Can you give more details on the "misleading 'heirloom' provenance"? To understand it correctly, an heirloom would simply be a seed that has never been grown commercially or on a large scale. It would be those varieties that are simply grown on small scale farms or homesteads correct? Would the misleading part be that seeds being sold as 'heirlooms' really in fact may not be?
There is nothing by way of horticultural practice (or via USDA) that forbads seed houses from claiming most any open pollinated seed as an heirloom.
If you croud one of the matriarchs of OP tomato growing (like Carolyn Male), you'll get what amounts to the old newsletter standard of +50 years old open pollinated cultivars as the 'standard'. its ok by me if she calls 'em that.
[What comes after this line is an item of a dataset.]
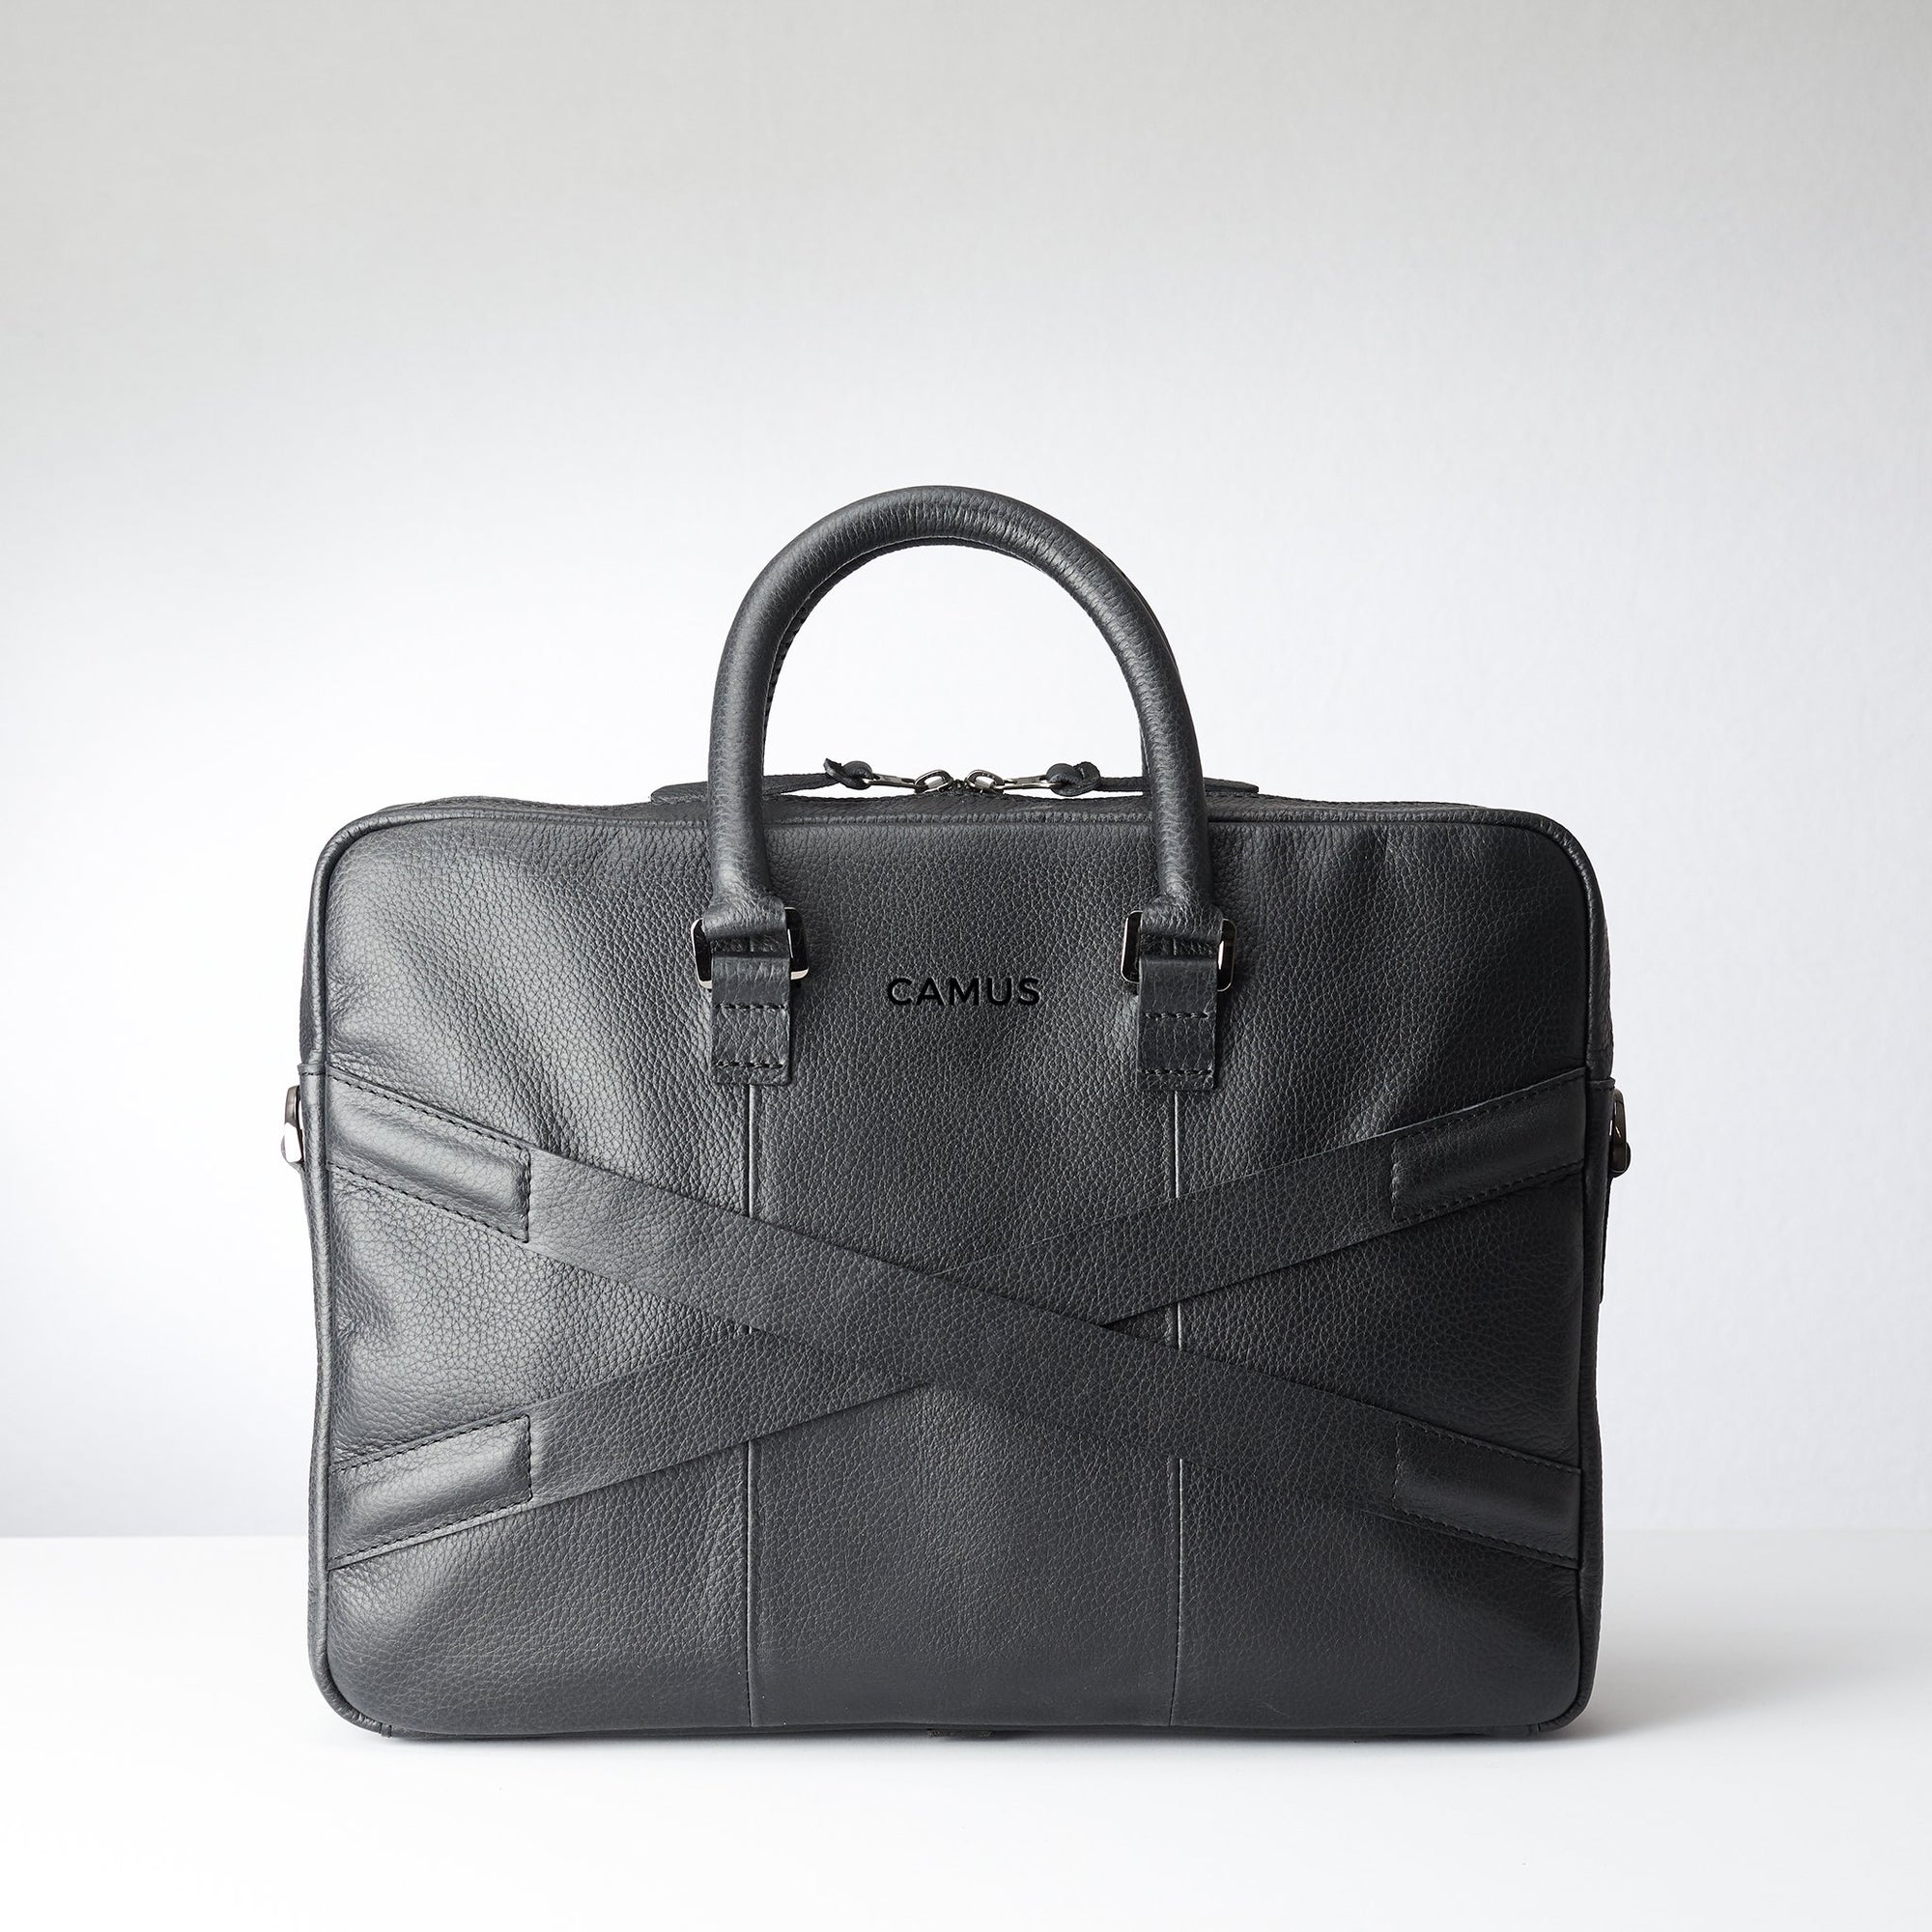 Back and luggage strap for slim portfolio .Black leather briefcase laptop bag for men. Gazeli laptop briefcase by Capra Leather.

Seedhouses can and have listed OP tomato as recently developed as Traveler, as an heirloom.
solely because it permits a higher retail price.
I won't go into fuzzy headed mythology of which goose bean seed was taken from.
Please don't take this as an agrument against growing open pollinated plants. They are nearly my entire inventory.
Also please don't take my reluctance to grow F1 hybrid as a compelling reason not to grow those either. F1's utility for commercial growing and disease resistance for them that need it should be reason enough to grow them.
Muddling all together with GMO's is a disservice that I credit to Jere Gettle, and Dave Belanger. It does not help the new gardener find their own way to a full pantry.
I'm growing again this year, Burpee's Long Keeper a favorite of mine. Its a fine OP tomato for my early winter plate as a fresh tomato. Burpee stopped selling seed a number of years ago. Saving seed of them is all there now is for my gardening option.
We are getting far afield from; does seed need to be certified as organic ? To be grown as organic; again I'll repeat, to some it does.